→ Work task:
Pictures excluded, set down exactly the lines from the one containing "Garden of Eden" through the final line of the material, and only those.

→ Raw data:

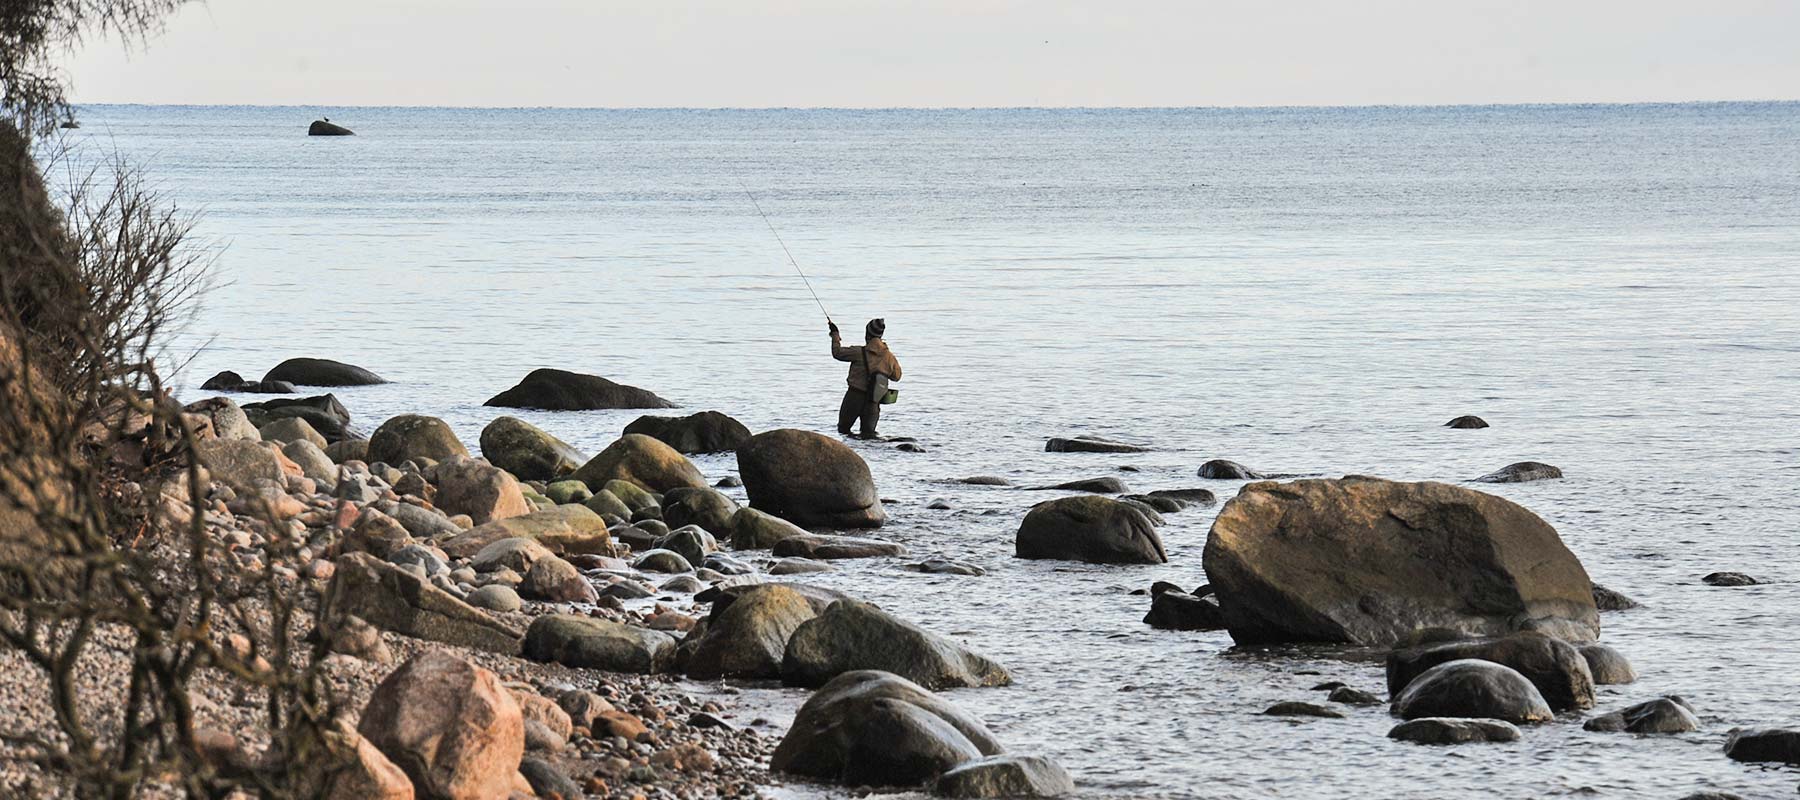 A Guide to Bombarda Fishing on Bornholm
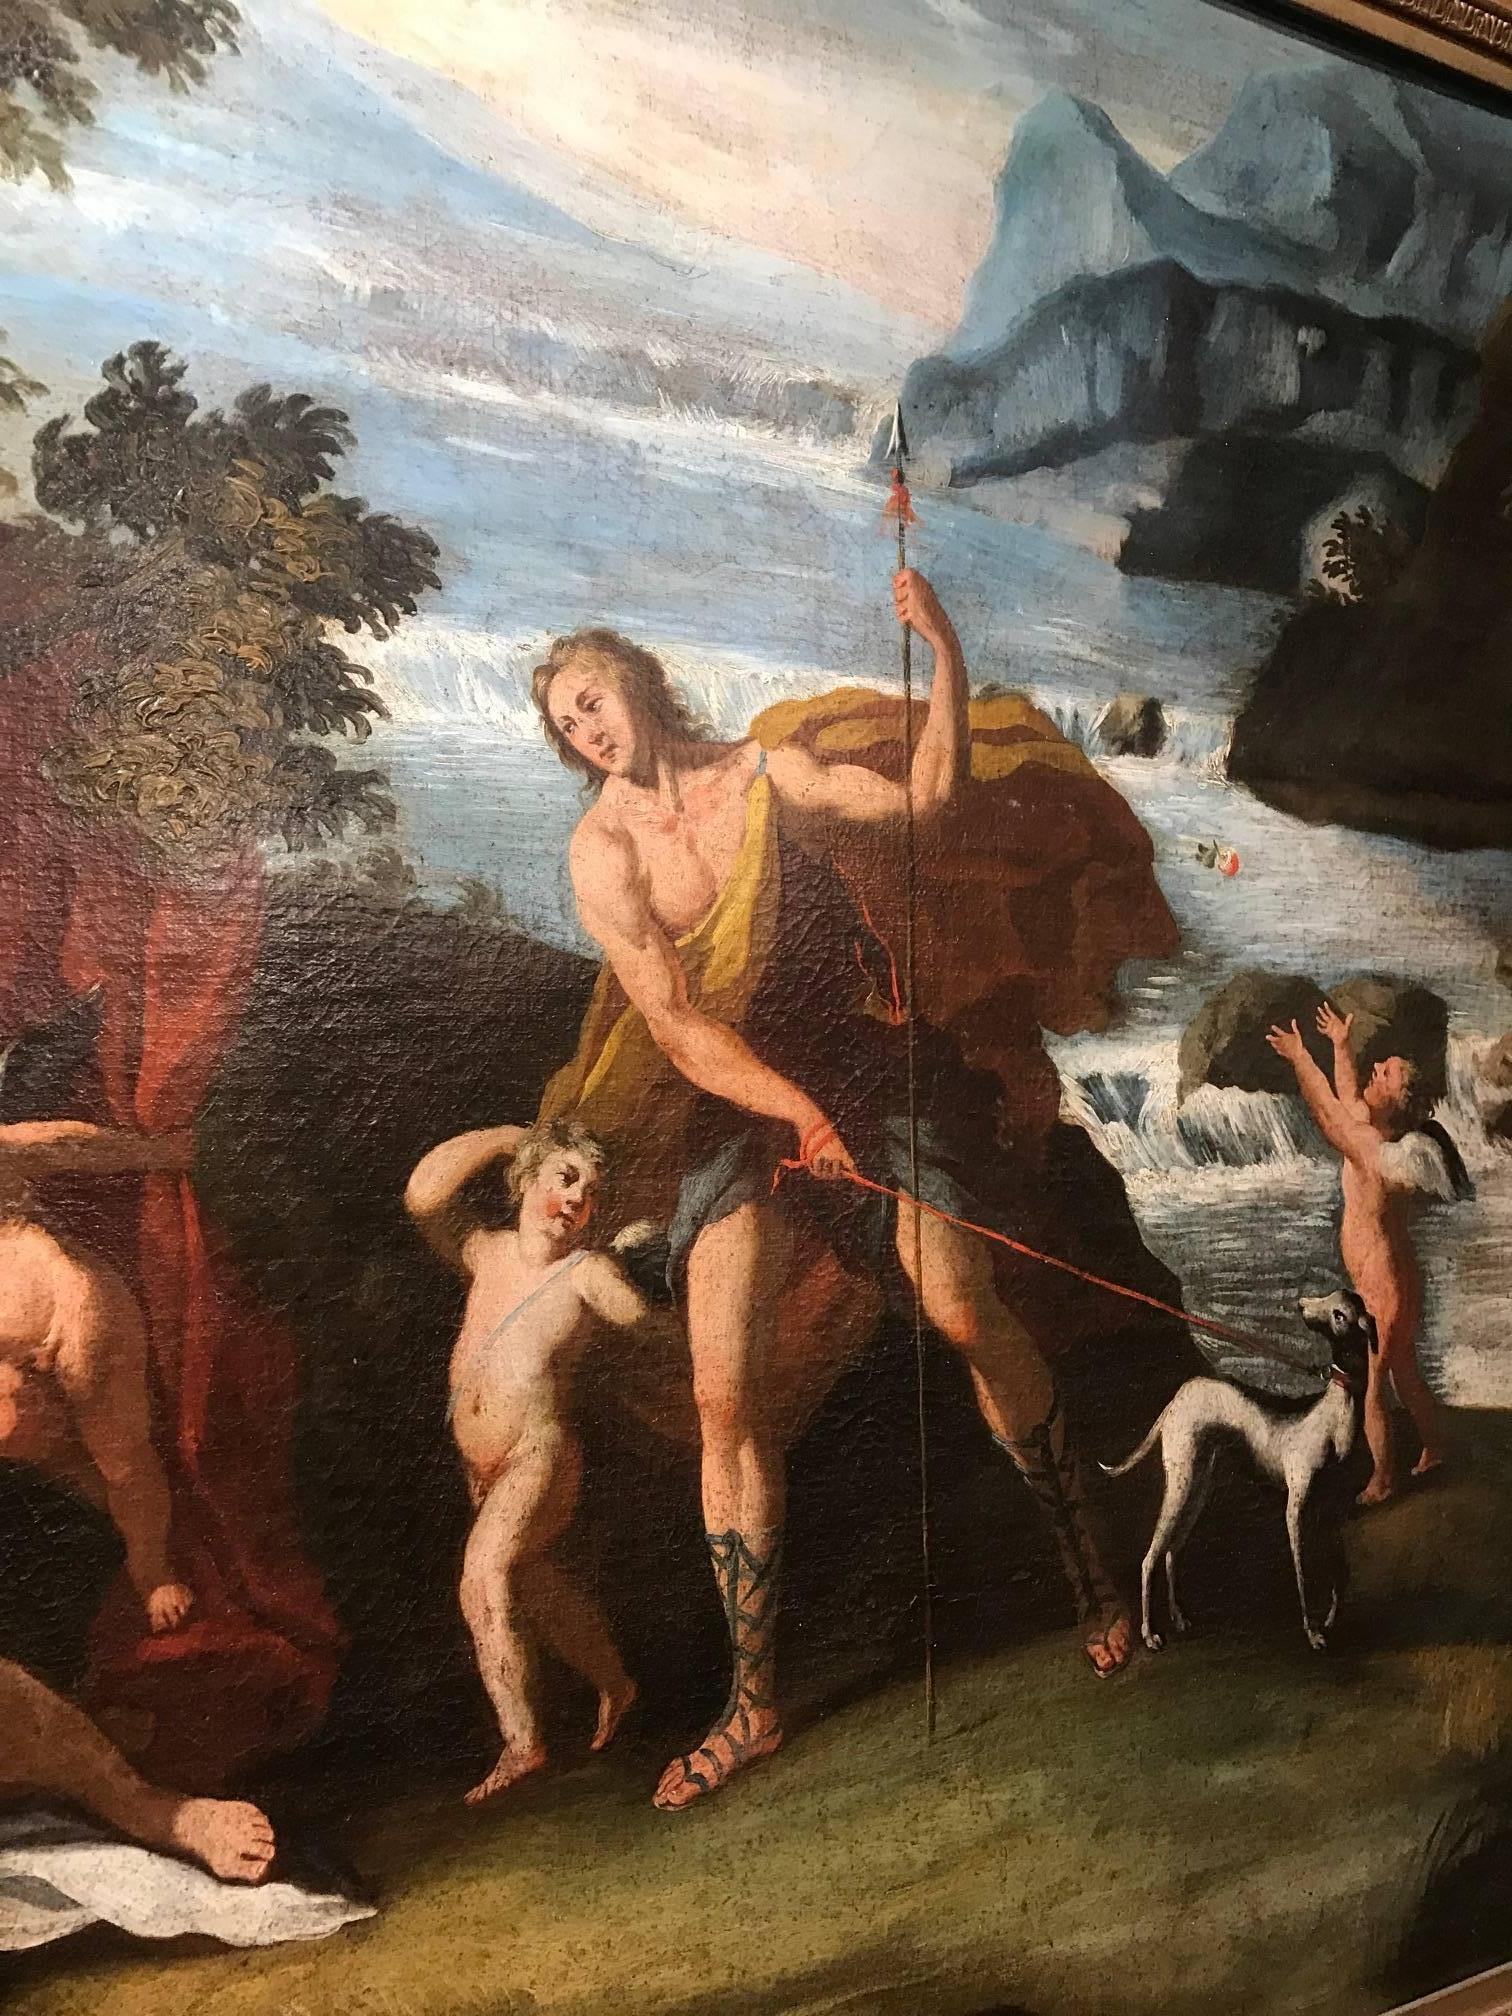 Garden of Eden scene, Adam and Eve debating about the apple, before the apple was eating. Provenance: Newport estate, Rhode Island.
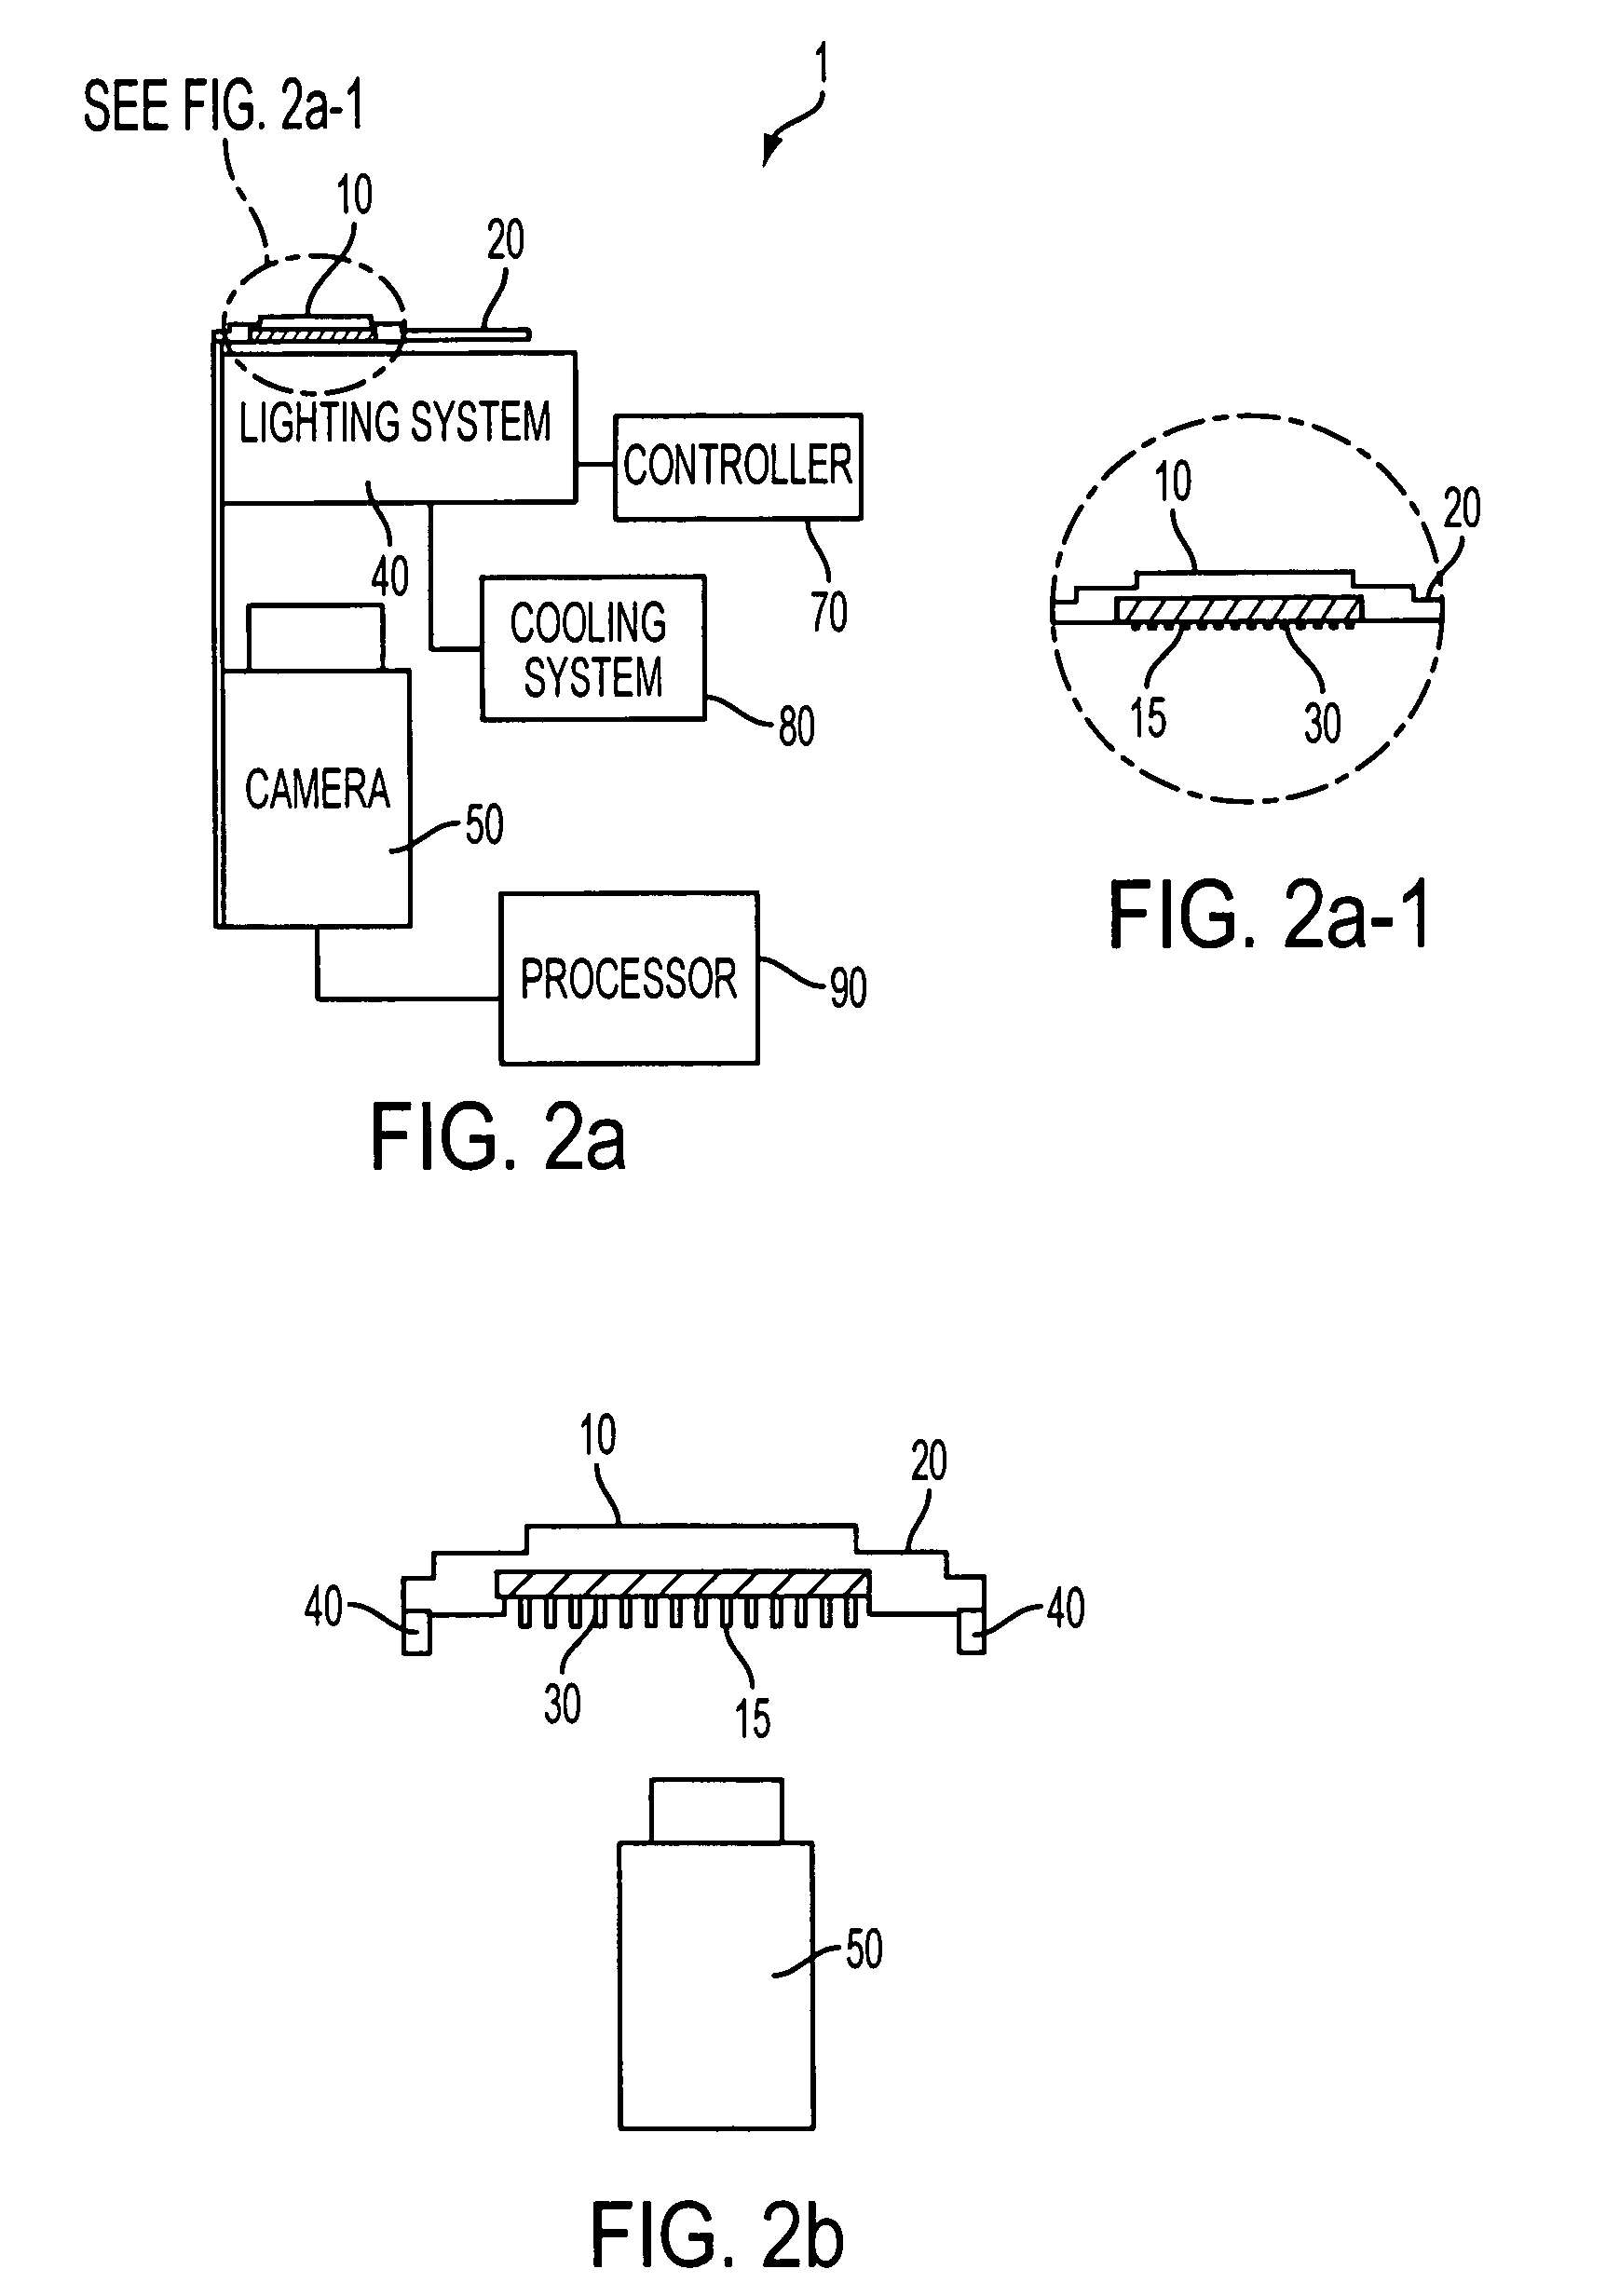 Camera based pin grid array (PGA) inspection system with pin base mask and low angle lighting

→ Response area:
 Garden of Eden scene, Adam and Eve debating about the apple, before the apple was eating. Provenance: Newport estate, Rhode Island.
 Camera based pin grid array (PGA) inspection system with pin base mask and low angle lighting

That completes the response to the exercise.